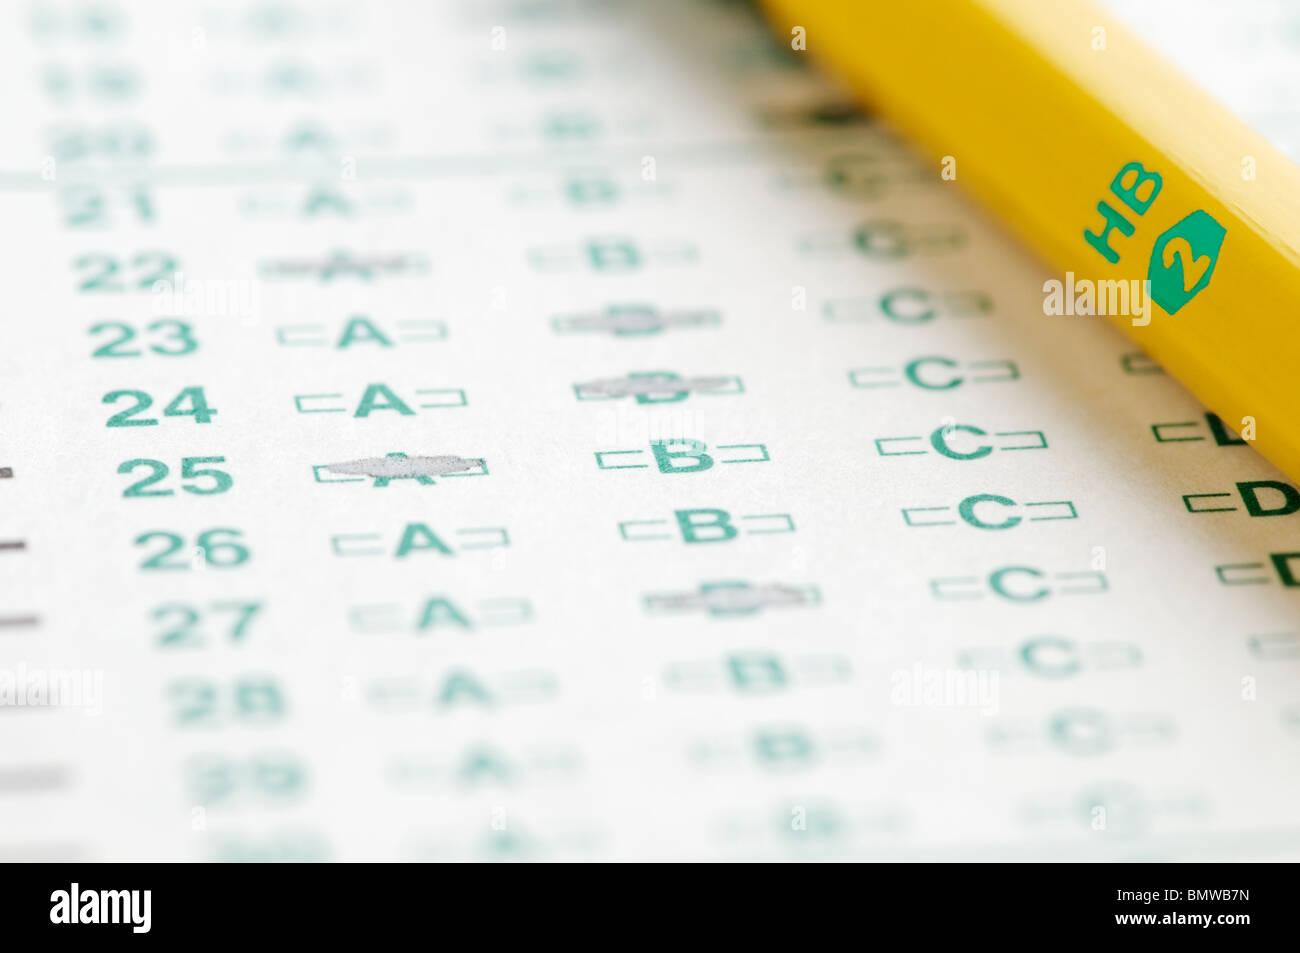 Scansione ottica foglio di risposta con #2 matita che rappresenta l'istruzione test. Immagini Stock
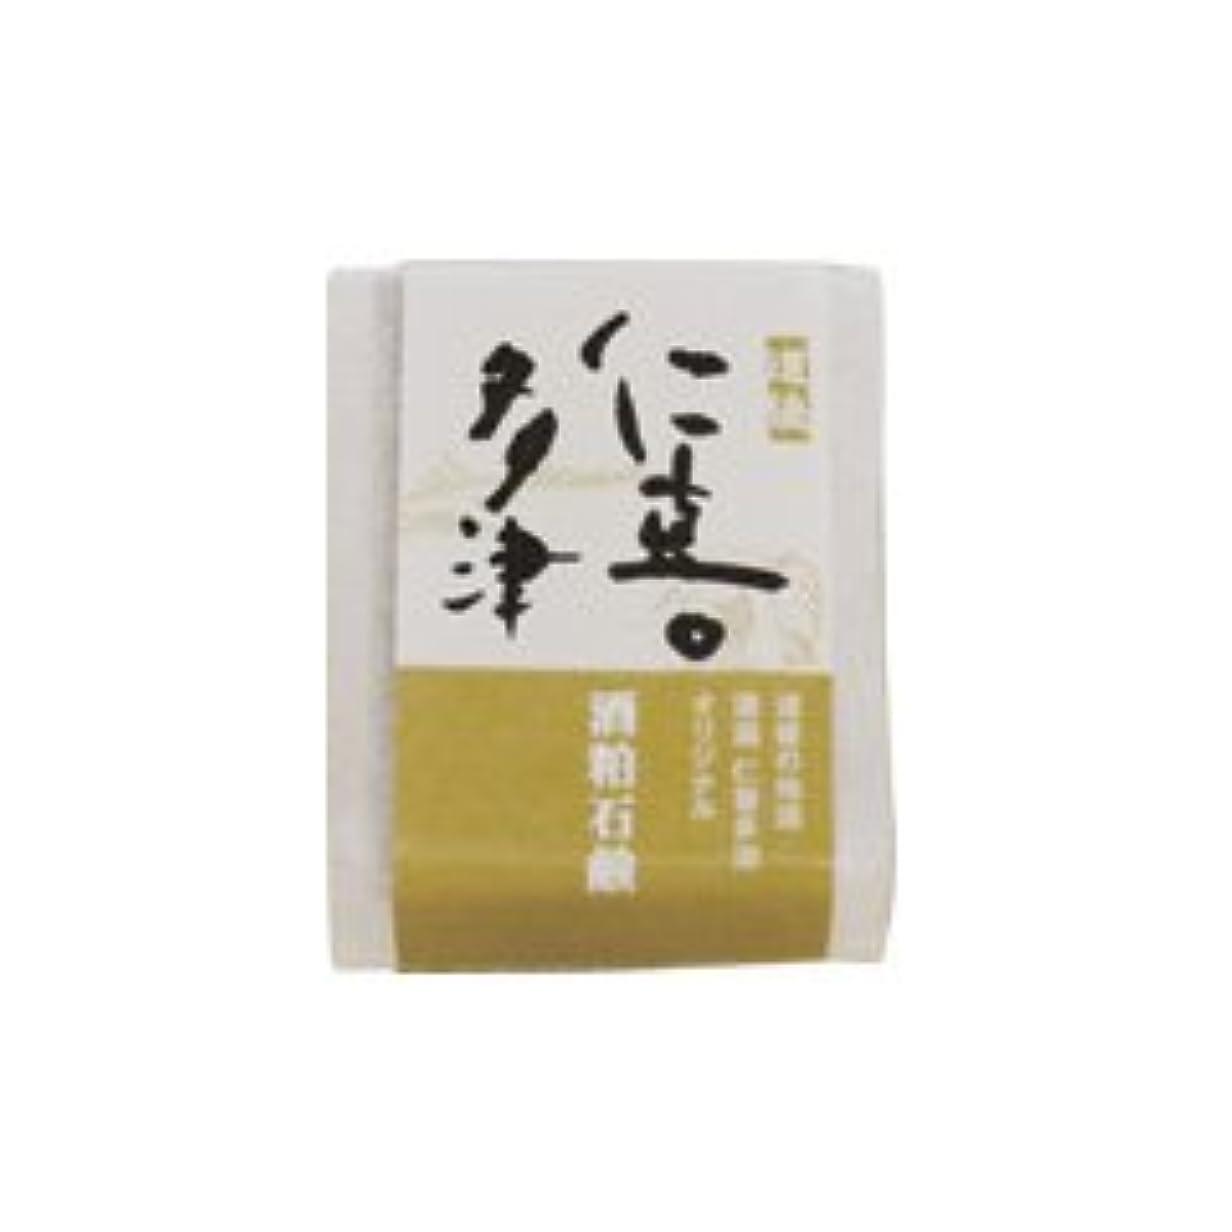 フィールド盲目晩ごはん仁喜多津 オリジナル 酒粕石鹸 60g
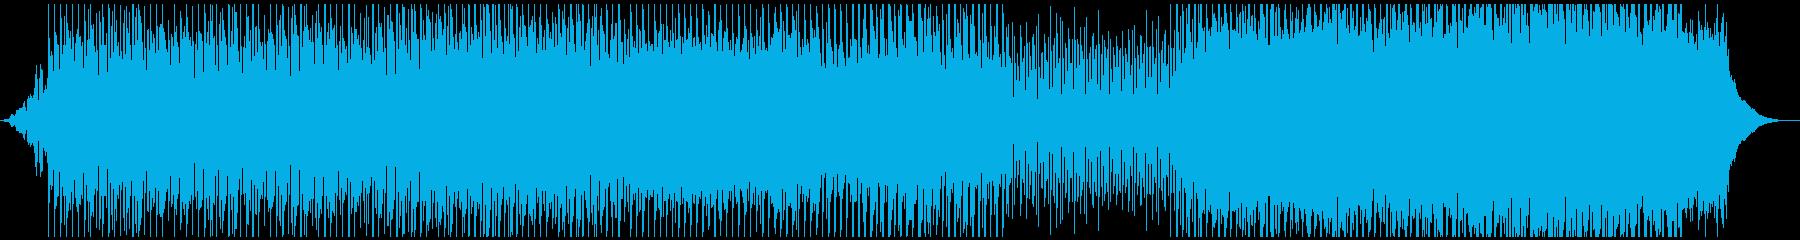 外国映画サントラ風 重低音エレクトロニカの再生済みの波形
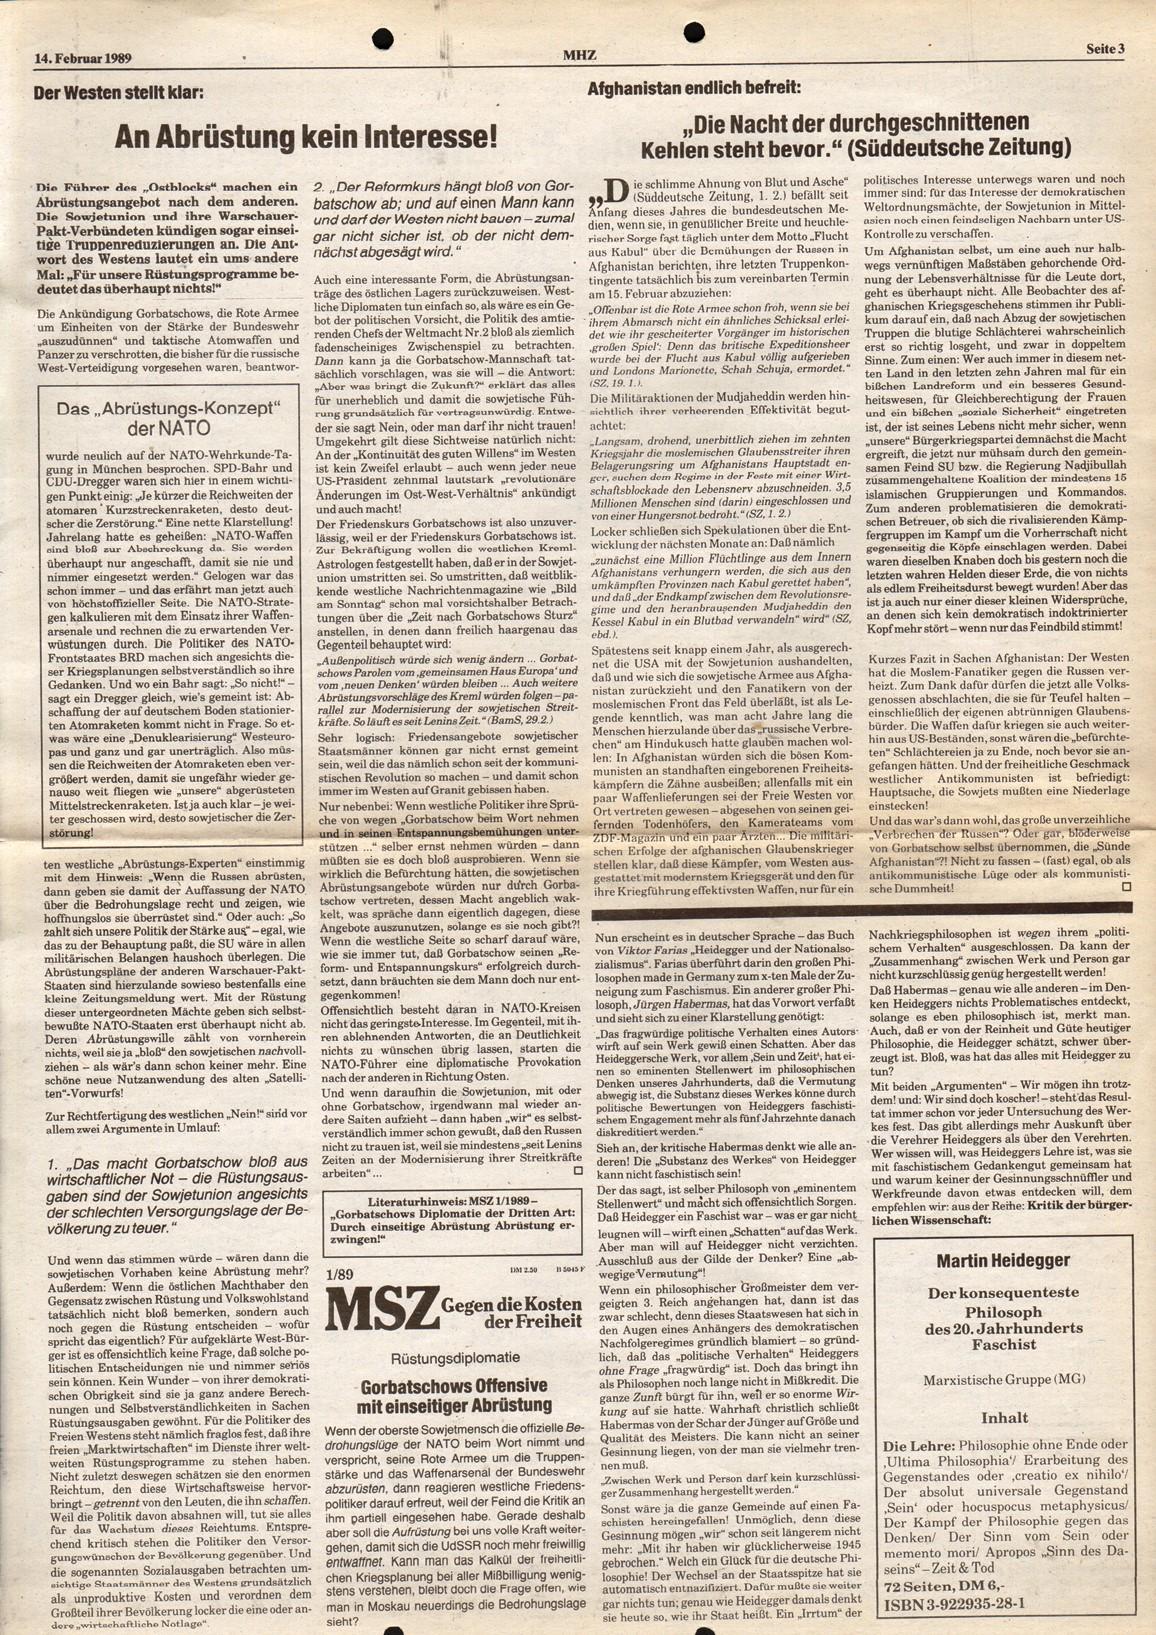 Muenchen_MG_Hochschulzeitung_19890214_03

- [ABOUT THIS EXERCISE] Reproduce the whole of the data, word for word, and omit its pictures.

- [OUTPUT OF THE EXERCISE]
 Scansione ottica foglio di risposta con #2 matita che rappresenta l'istruzione test. Immagini Stock
 フィールド盲目晩ごはん仁喜多津 オリジナル 酒粕石鹸 60g
 外国映画サントラ風 重低音エレクトロニカの再生済みの波形
 Muenchen_MG_Hochschulzeitung_19890214_03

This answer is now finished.